BRIEF: Where a picture appears, leave it out, and transcribe all the lines below exactly.

DATA BELOW:
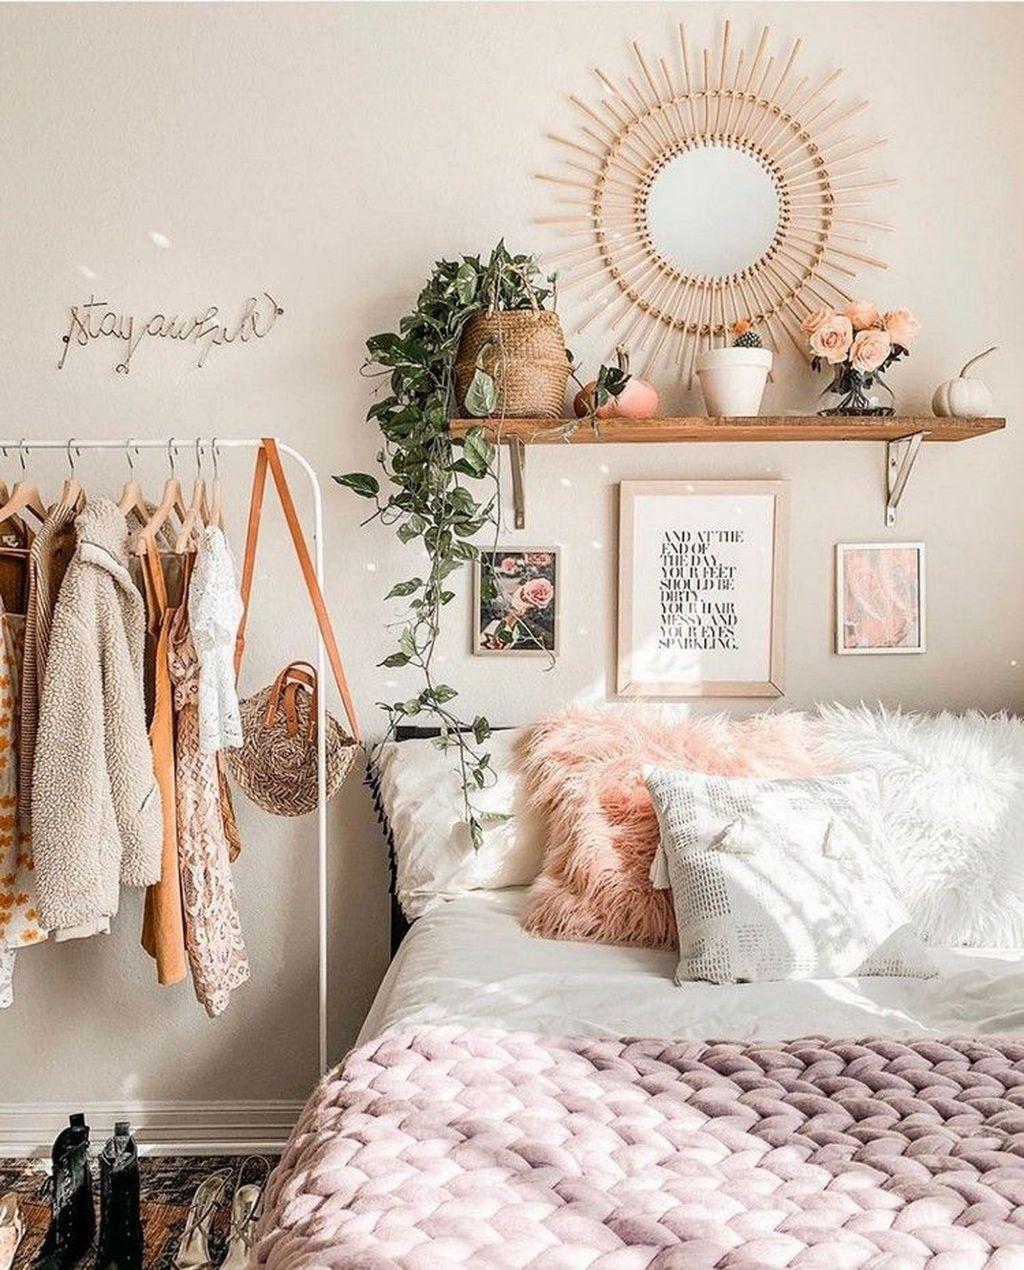 Awesome Boho Chic Bedroom Decor Ideas 28
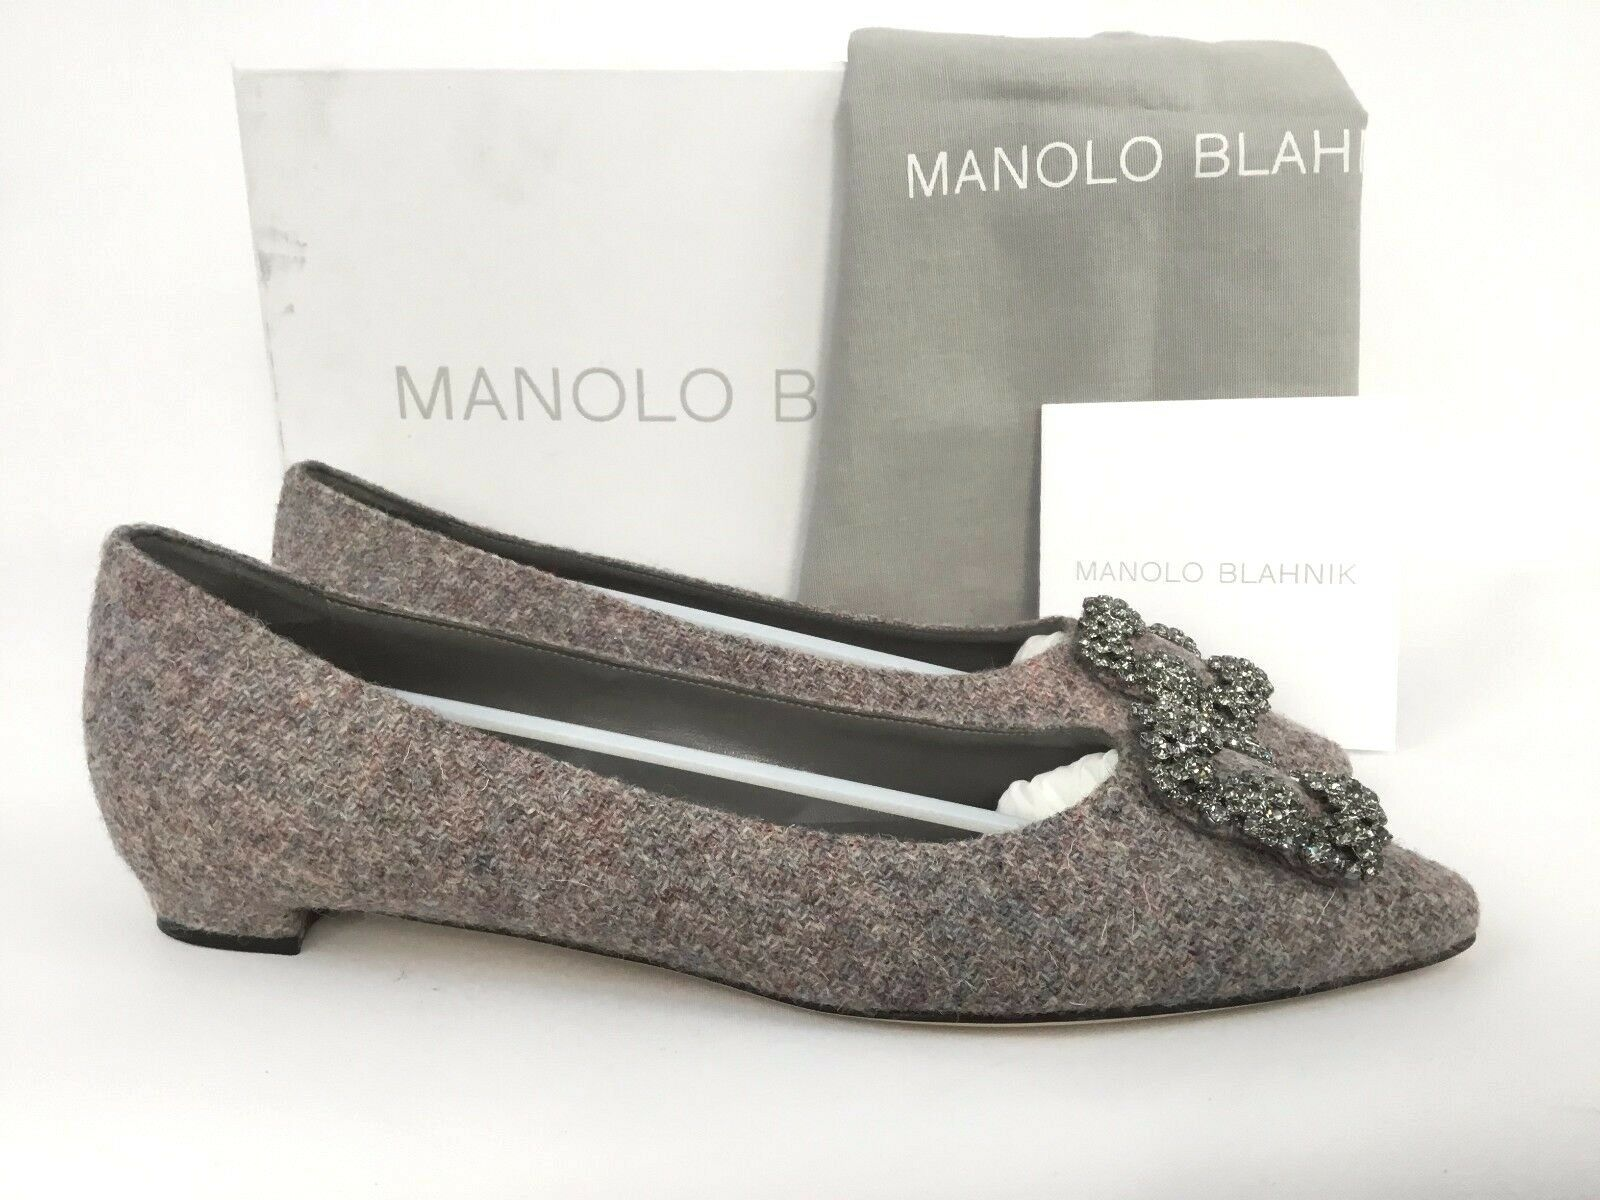 consegna gratuita Manolo Blahnik Blahnik Blahnik Hangisi Jeweled grigio Tweed Pointy Toe Flat 42 12  offerta speciale
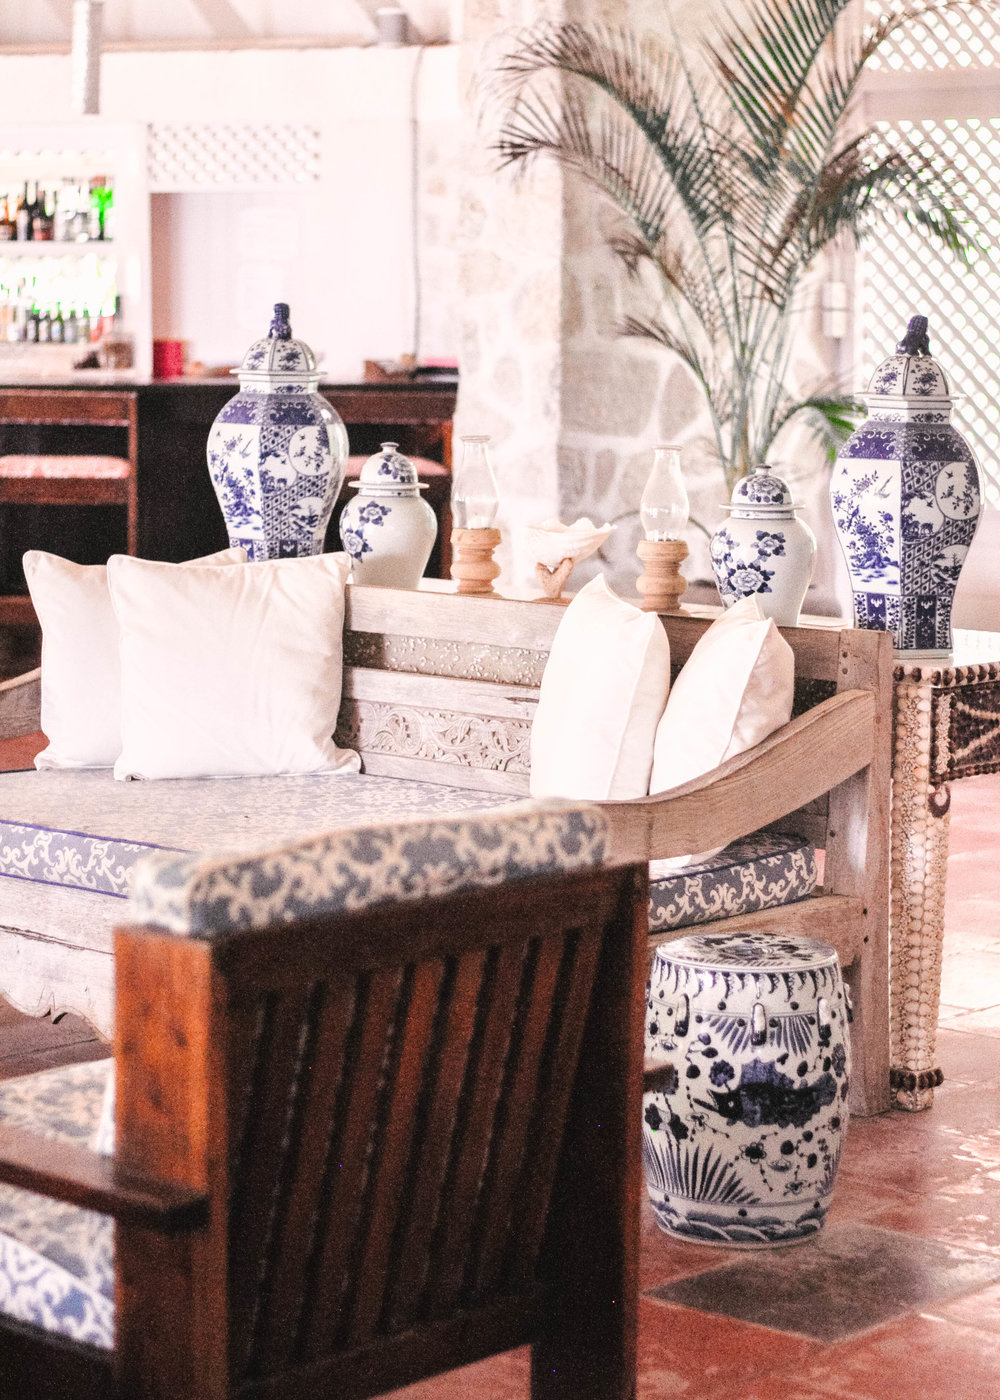 Caribbean hotel decor
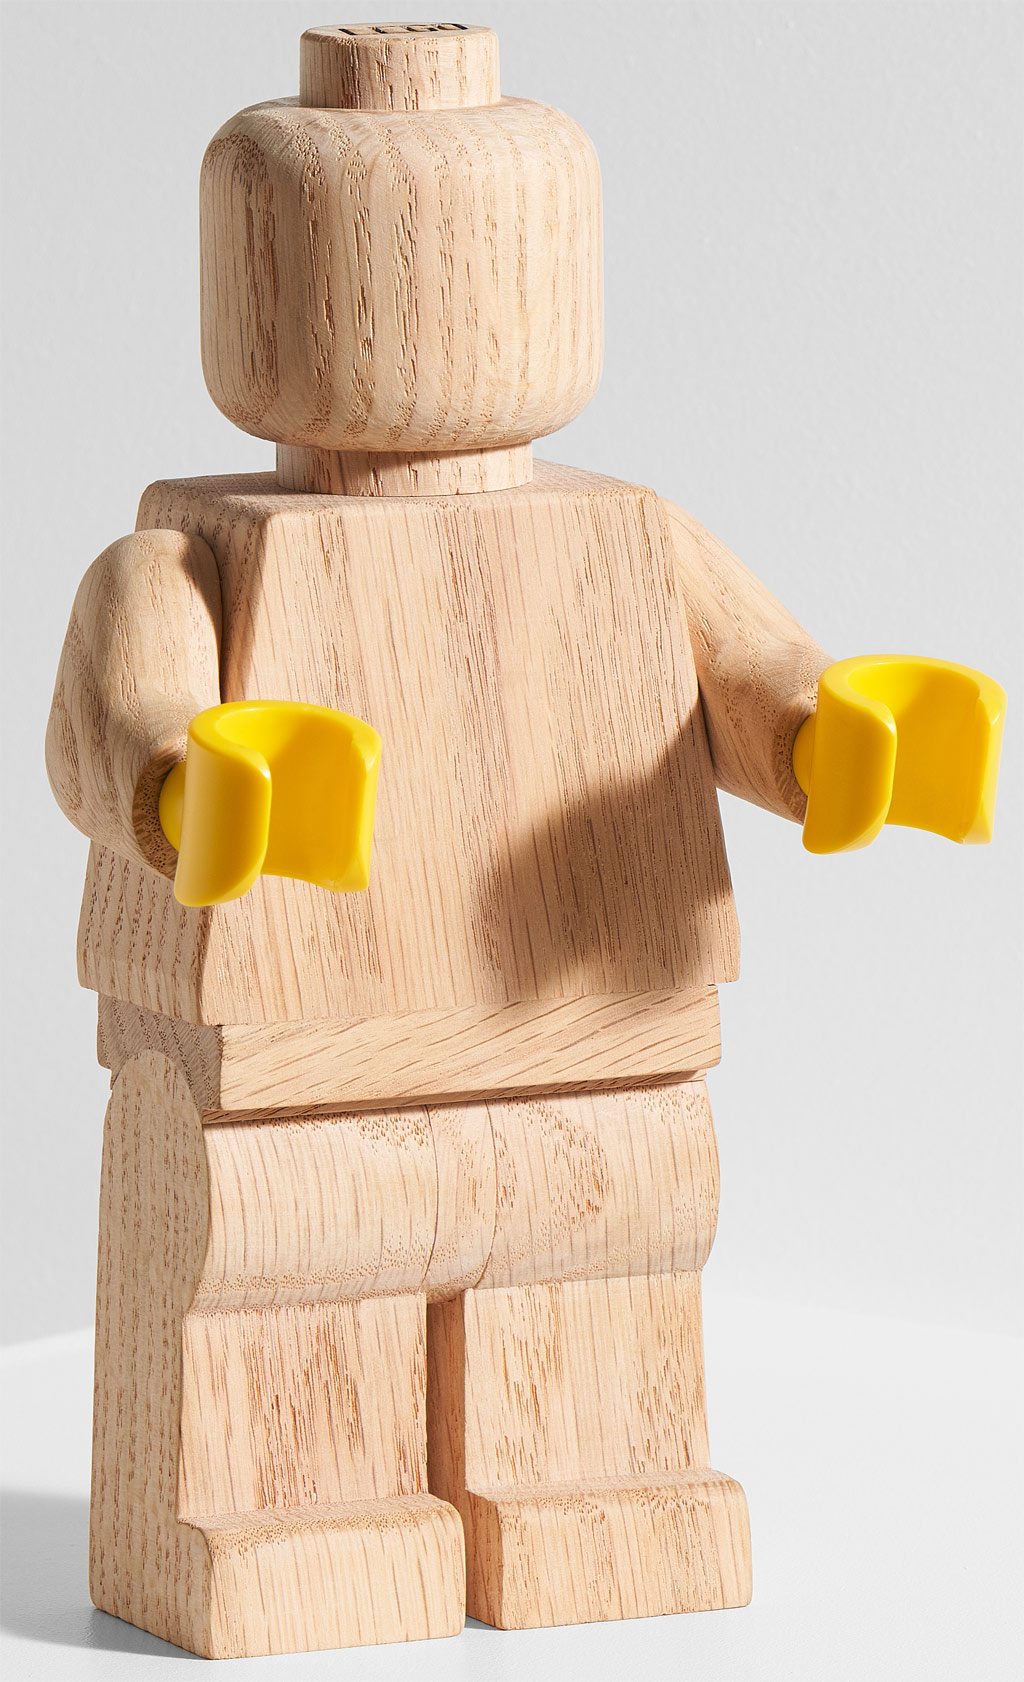 lego-originals-upscaled-wooden-minifigure-853967-2019-front zusammengebaut.com

WRITTEN SOLUTION:
 Awesome Boho Chic Bedroom Decor Ideas 28
 consegna gratuita Manolo Blahnik Blahnik Blahnik Hangisi Jeweled grigio Tweed Pointy Toe Flat 42 12  offerta speciale
 Caribbean hotel decor
 lego-originals-upscaled-wooden-minifigure-853967-2019-front zusammengebaut.com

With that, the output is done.